The Hubble Space Telescope has snapped yet another beautiful image of the wonders to be found out in the depths of space. This one shows the galaxy NGC 2336, a barred spiral galaxy located around 100 million light-years away. It is so picture-perfect that the Hubble scientists refer to it as “the quintessential galaxy.”
This galaxy is around 200,000 light-years across, making it twice as wide as our Milky Way galaxy which is around 100,000 light-years across. NGC 2336 also has long arms — the blue-tinted structures radiating out from its center. These arms include regions of star formation, where new young stars are being born when clouds of dust and gas collapse and collapse together due to the force of their gravity.
Young stars appear to glow blue because they burn at a higher temperature than older stars. These young stars burn through their fuel more quickly than the redder, older stars which are to be found in the center of the galaxy.

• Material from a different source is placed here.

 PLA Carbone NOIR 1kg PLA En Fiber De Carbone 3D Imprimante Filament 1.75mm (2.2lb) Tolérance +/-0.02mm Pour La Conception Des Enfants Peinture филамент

This particular galaxy is also notable for a Type 1a supernova which was observed there in 1987. Unlike other types of supernovae which occur when a massive star approaches the end of its life and its core collapses, Type 1a supernovae happen in systems with a pair consisting of a smaller star, similar in size to our sun, and a white dwarf. Though a smaller star wouldn’t normally go supernova, the white dwarf gives it a kick and creates a thermonuclear explosion even brighter than a core-collapse.
Type 1a supernova also generally give off a predictable amount of light, which means they can be used as markers for measuring the distance to a faraway galaxy or even calculating the size of the universe.
The supernova observed in 1987 was the first one to have been observed in this particular galaxy in the 111 years since its discovery in 1876.